# My wife doesn't know :-P



## baboon76 (Apr 27, 2006)

i got this installed today at Neuspeed


----------



## hayyan (Jun 17, 2007)

*Re: My wife doesn't know  (baboon76)*

what is it that's installed in the last 2 pictures (red)?
and i was told that installing performance filters would actually void the warranty. No?
any change in performance?


----------



## iwantanaudi (Jun 9, 2006)

*Re: My wife doesn't know  (hayyan)*

Sway bar(?)


----------



## chickdr (Nov 28, 2003)

Yep- the red item is a larger sway bar. As for the intake- from what I have heard you will get nothing but a change in sound. No performance gains(not that anything less than 20hp would make a difference anyway.)


----------



## OzRS4 (Jan 30, 2007)

How does the sway bar change the handling? I've got the new 4.2 TDI which comes with adaptive air suspension and wondering if sway bar would improve the handling further. Thanks.


----------



## raleys1 (Dec 18, 2006)

*Re: (OzRS4)*


_Quote, originally posted by *OzRS4* »_How does the sway bar change the handling? I've got the new 4.2 TDI which comes with adaptive air suspension and wondering if sway bar would improve the handling further. Thanks.

You lucky lucky man.
Linder


----------



## I6turbo (Apr 14, 2008)

*Re: (chickdr)*


_Quote, originally posted by *chickdr* »_Yep- the red item is a larger sway bar. As for the intake- from what I have heard you will get nothing but a change in sound. No performance gains(not that anything less than 20hp would make a difference anyway.)
You better stop or you're going to give Q7 owners a reputation for having some common sense and intelligence.
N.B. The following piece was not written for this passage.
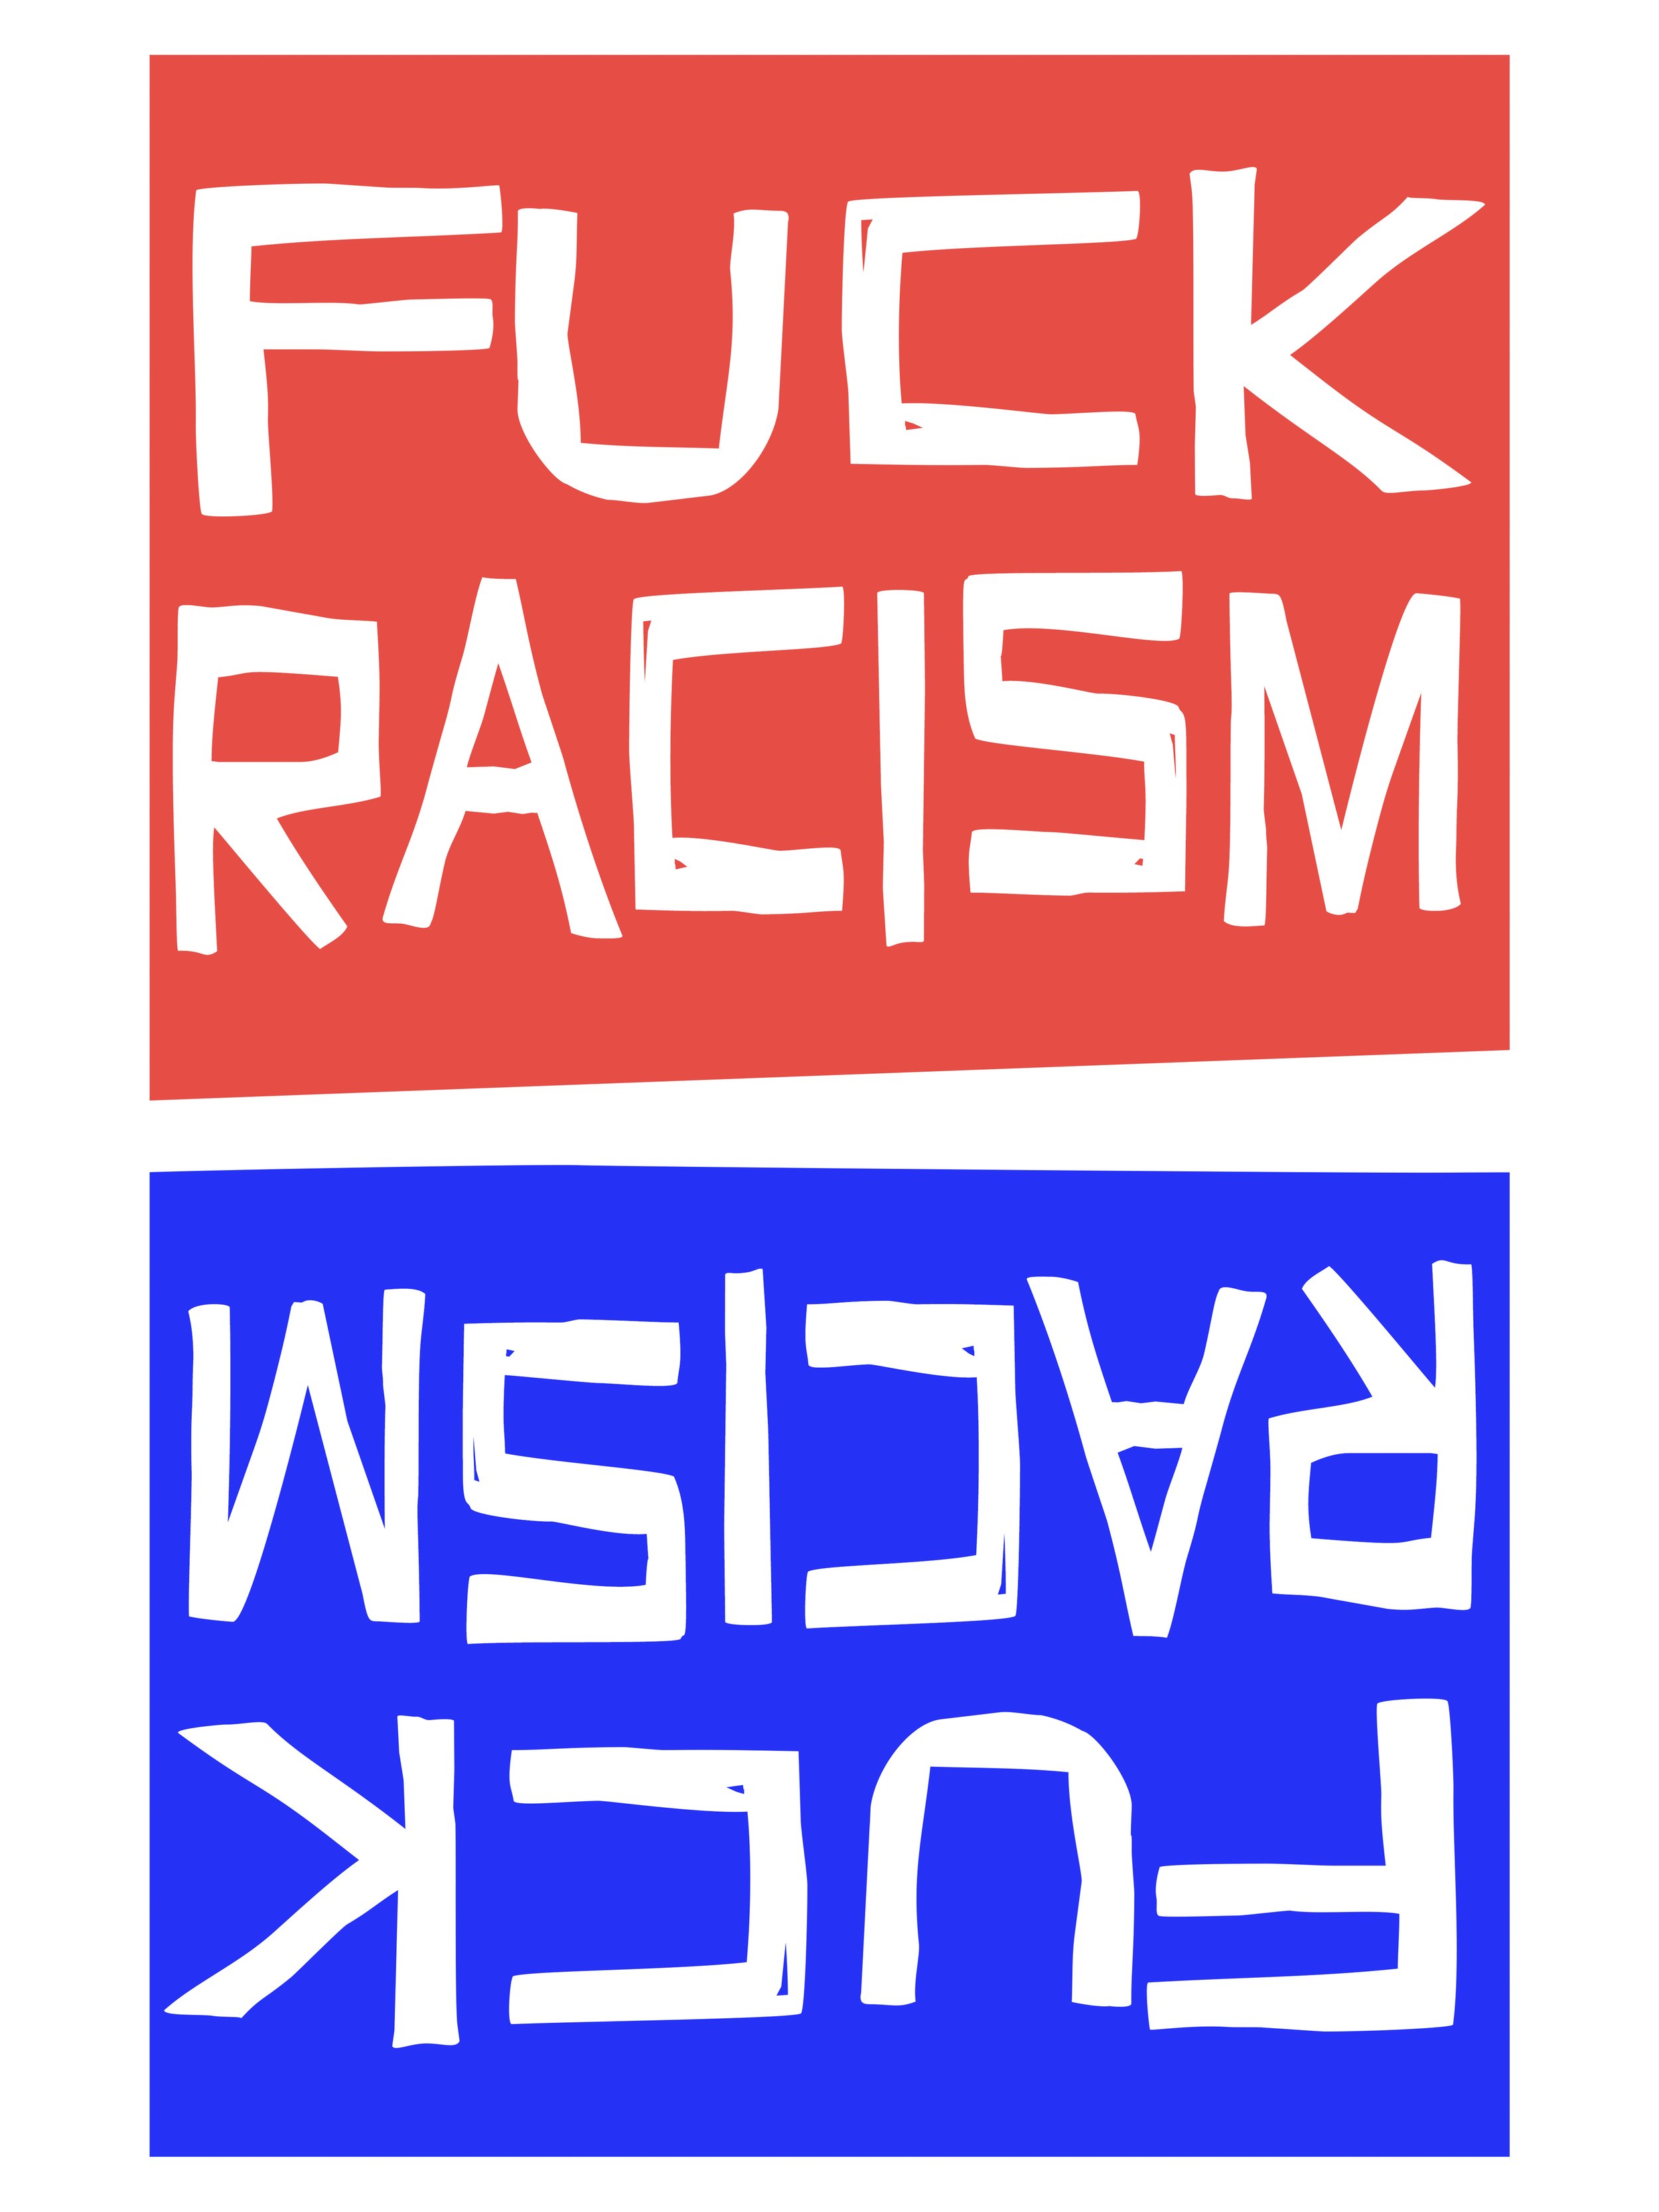 Fuck Racism
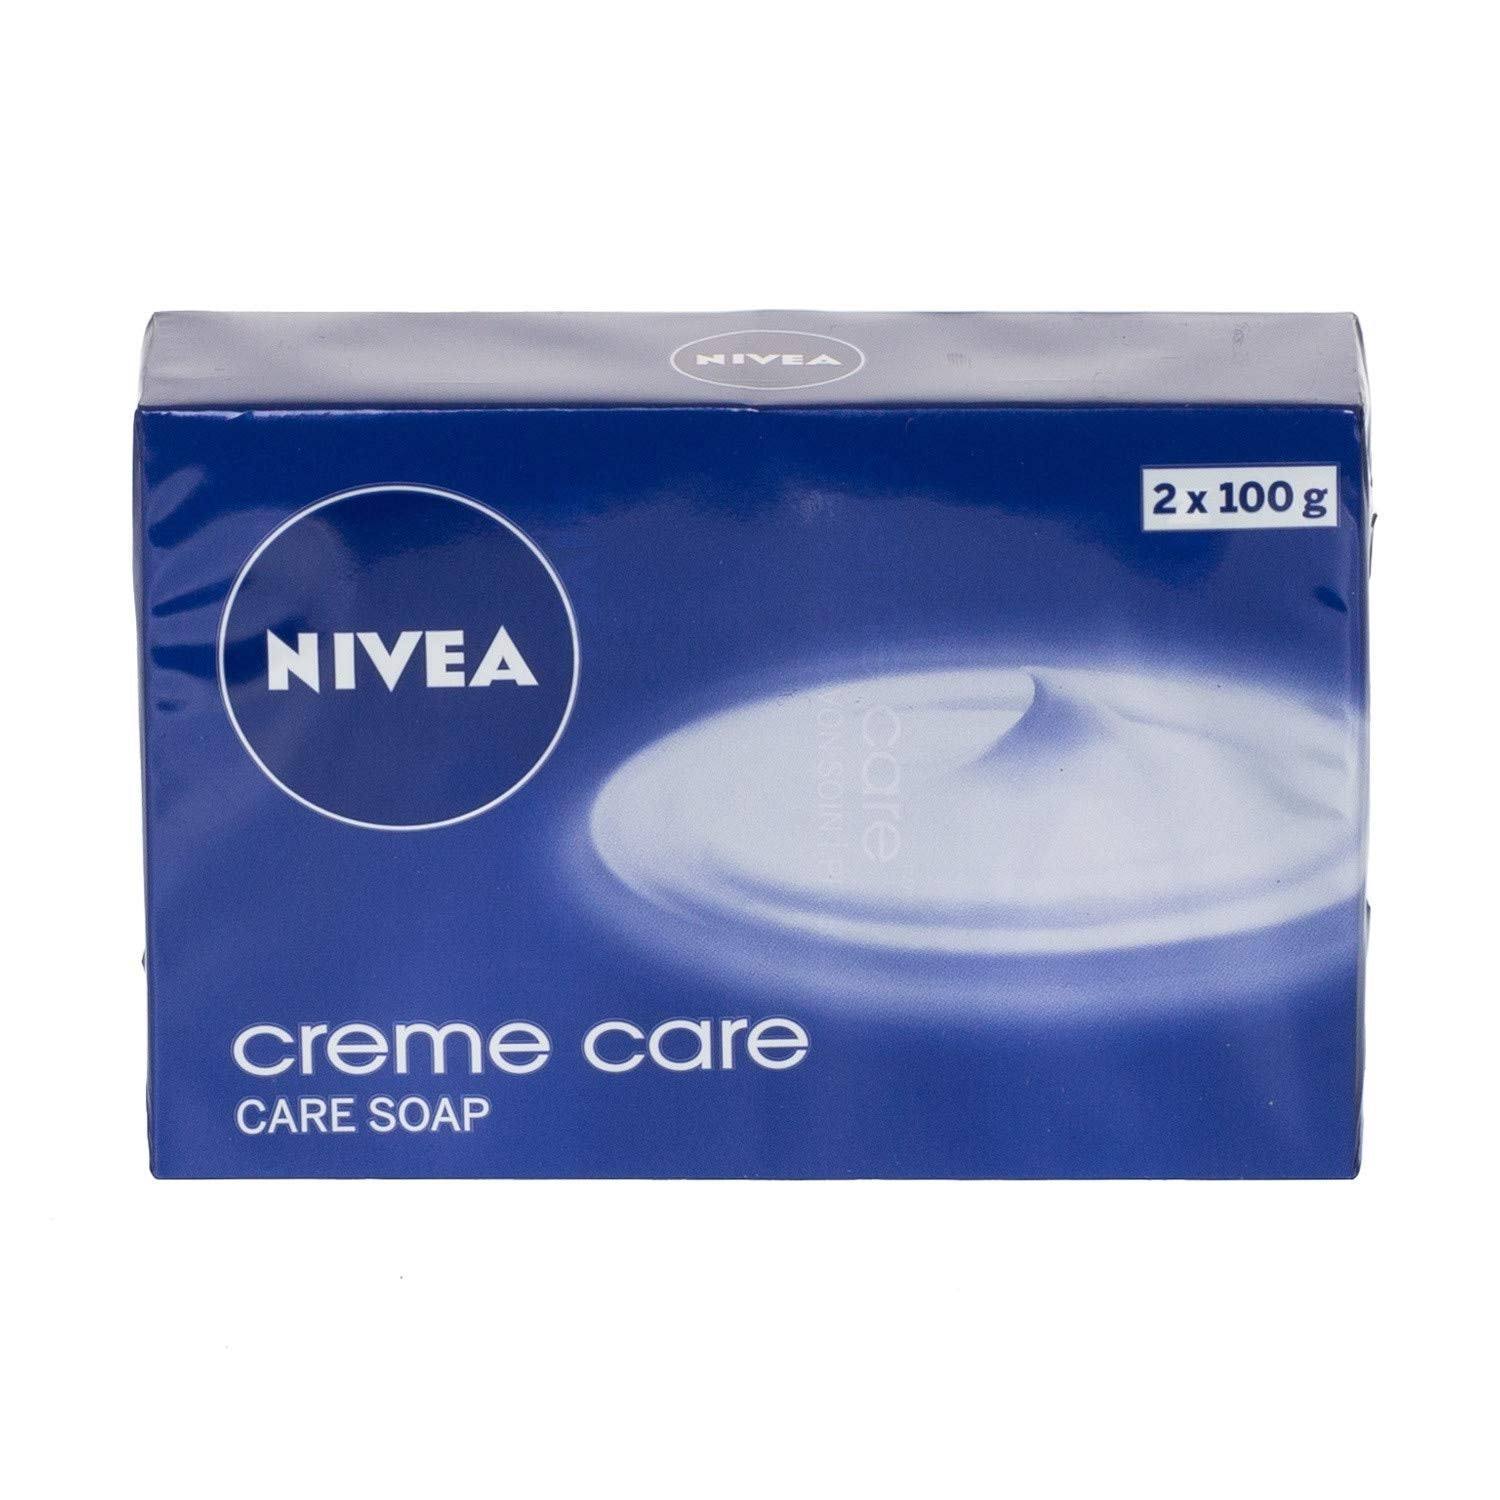 Nivea Creme Care Soap - 2x100g

LOL Most people swallow the BS marketing about aftermarket filters, on well-designed stock intake systems and immediately swear that they must have picked up 20% HP with the filter.


----------



## joseaudi (Aug 3, 2004)

*HOw much was the intake?*

?


----------



## trev0006vw (Jun 30, 2008)

and I bet will never find out


----------



## Voltes Five (Sep 17, 2008)

*Re: (chickdr)*

Where did you get your intake?


----------



## terje_77 (Dec 19, 2005)

*Re: (Voltes Five)*


_Quote, originally posted by *Voltes Five* »_Where did you get your intake?

Neuspeed


----------